What to do:
The expected response is the complete listing below, restated exactly, with its pictures omitted.

--- Data Enclosed Below ---

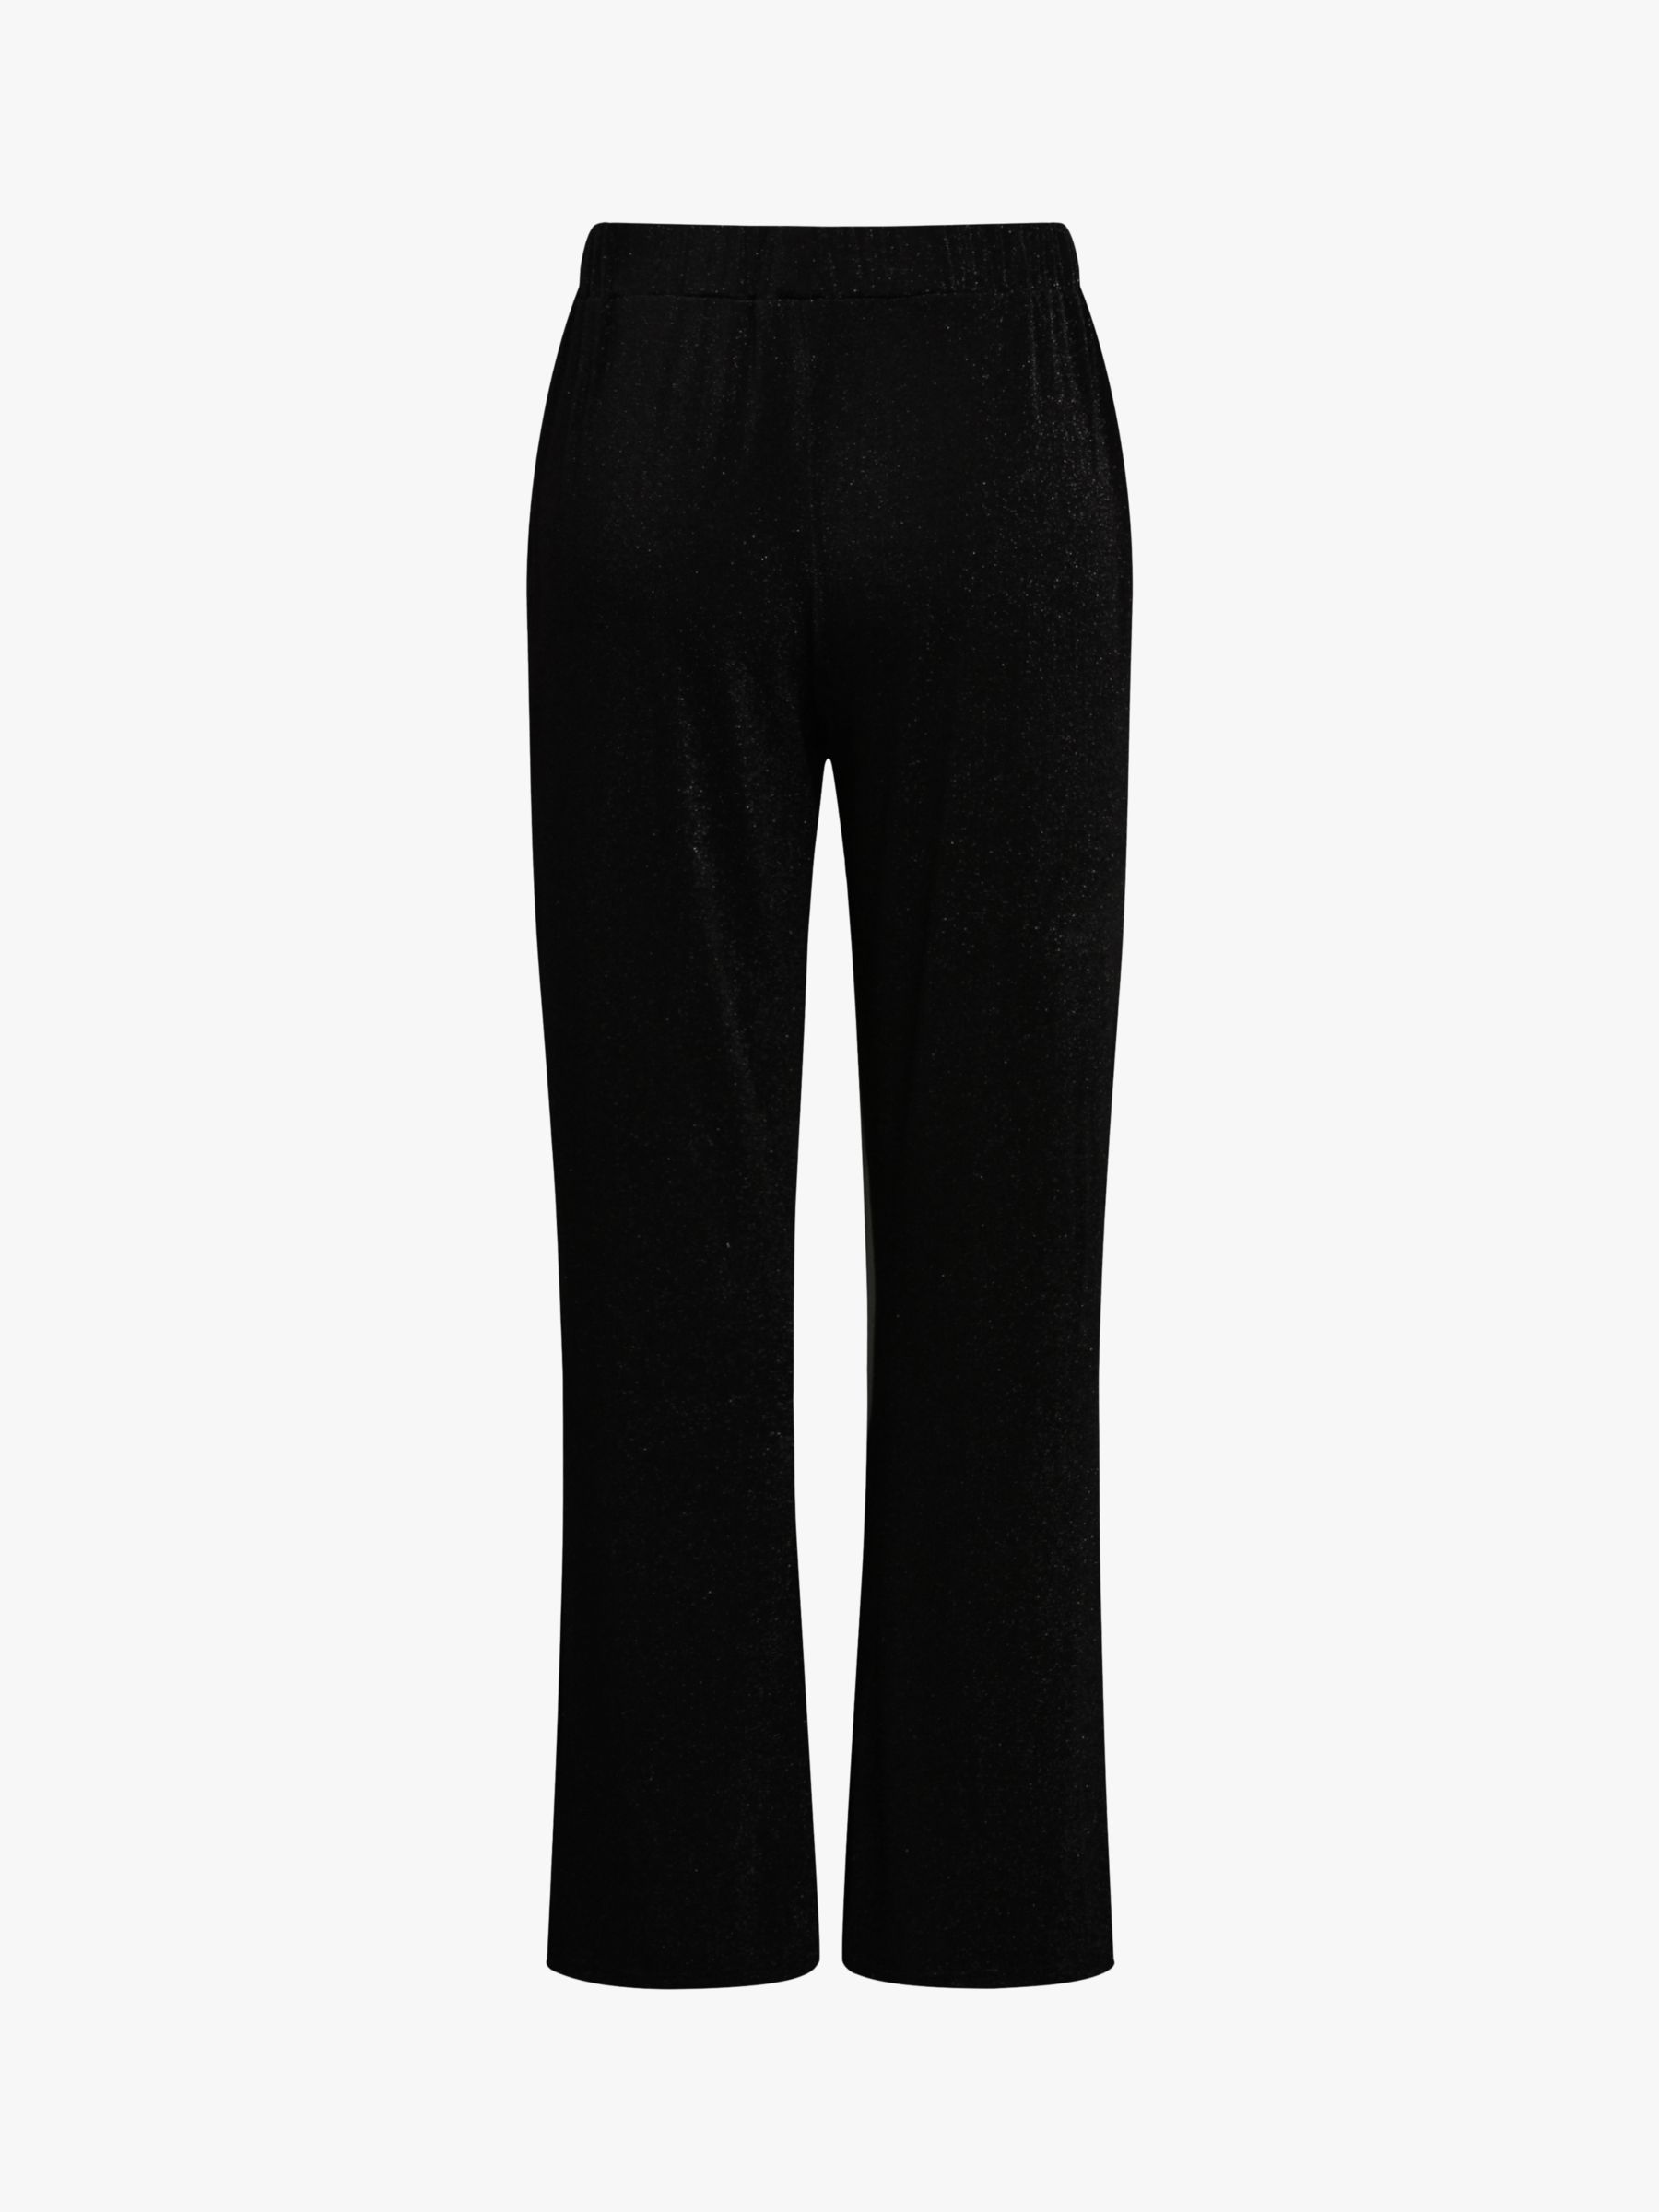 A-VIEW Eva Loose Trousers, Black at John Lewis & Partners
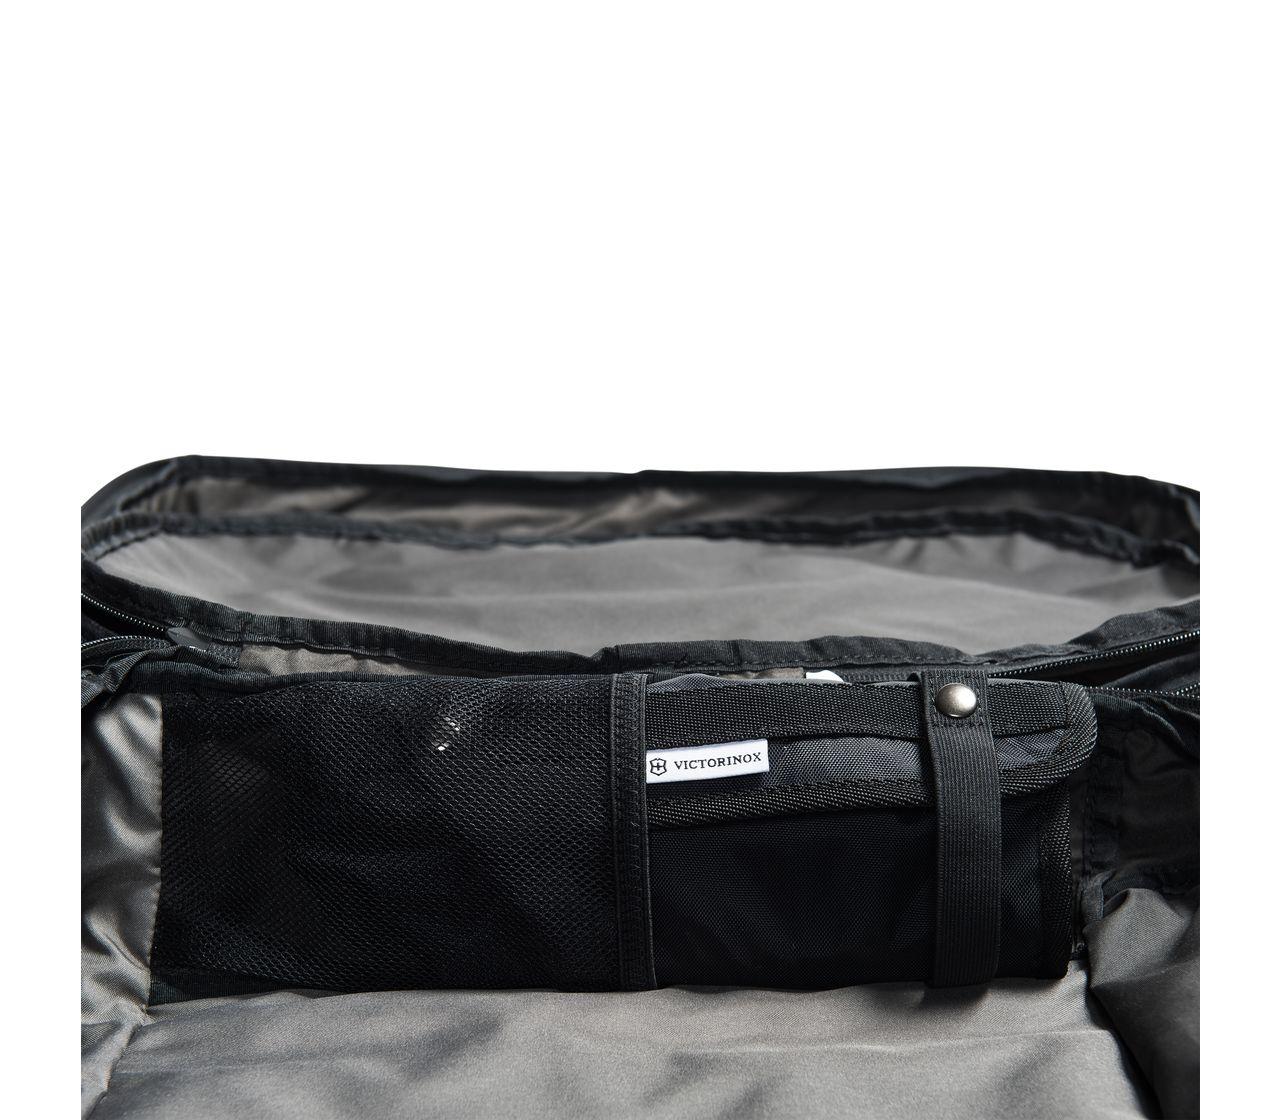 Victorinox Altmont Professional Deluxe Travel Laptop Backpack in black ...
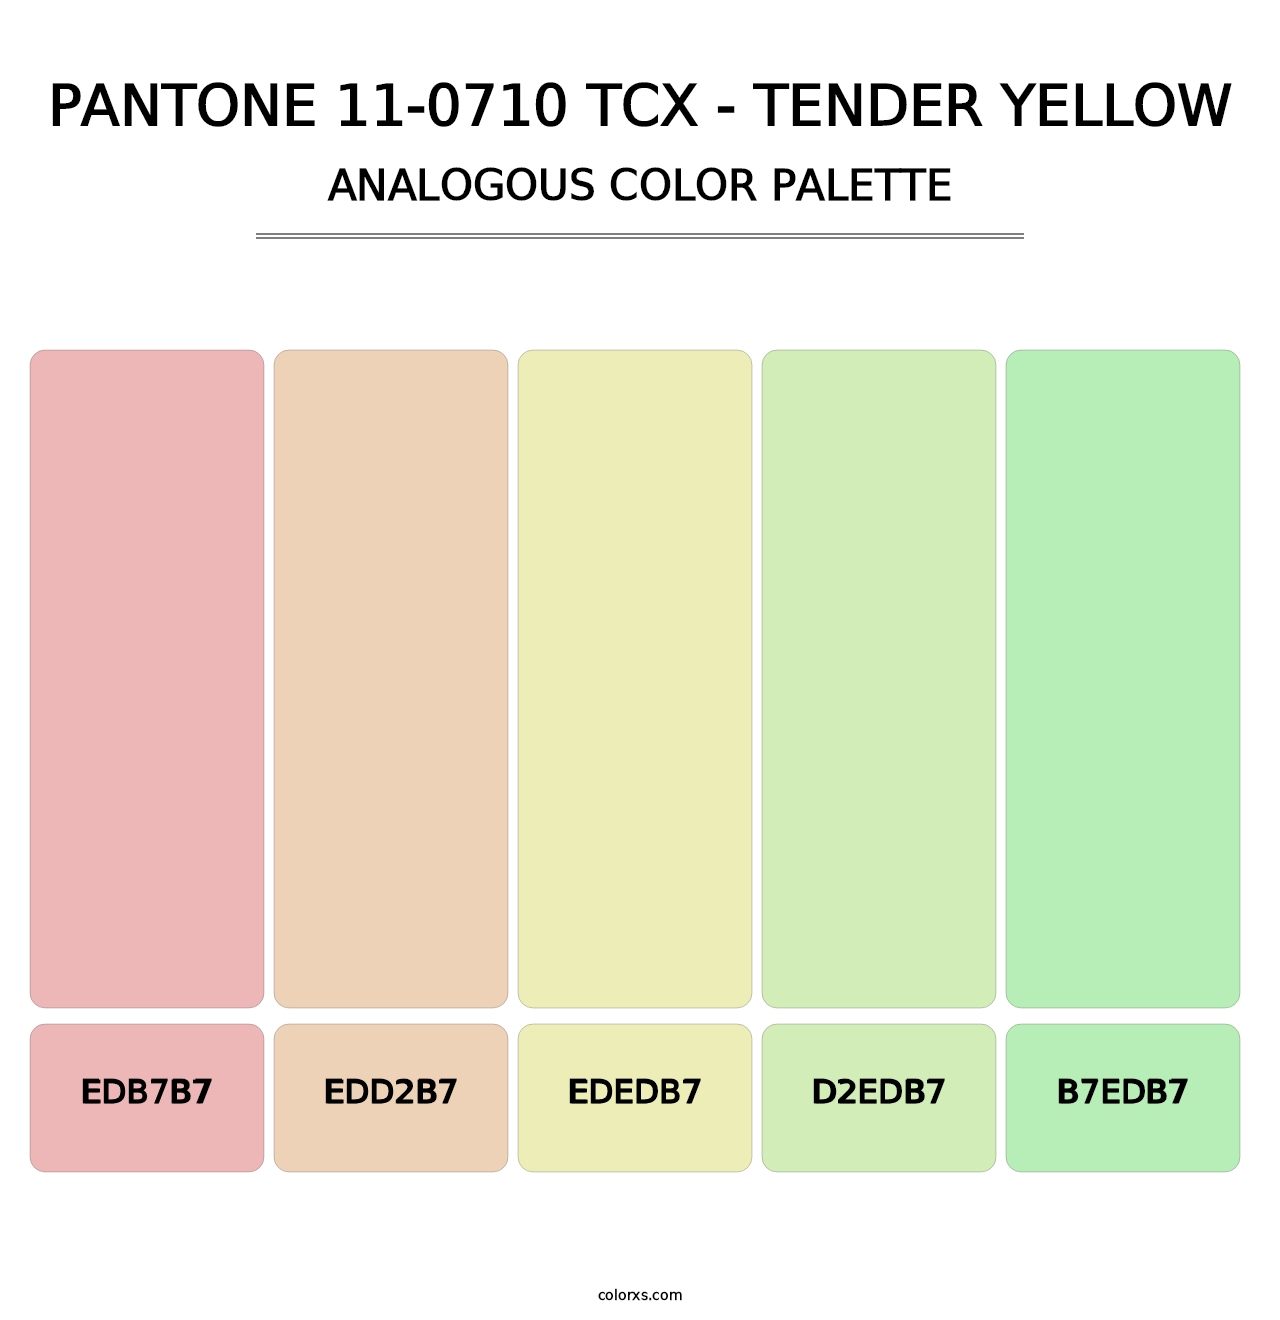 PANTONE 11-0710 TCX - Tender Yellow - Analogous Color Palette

--- End of Enclosed Data ---

Response:
 A-VIEW Eva Loose Trousers, Black at John Lewis & Partners
 Victorinox Altmont Professional Deluxe Travel Laptop Backpack in black ...
 PANTONE 11-0710 TCX - Tender Yellow - Analogous Color Palette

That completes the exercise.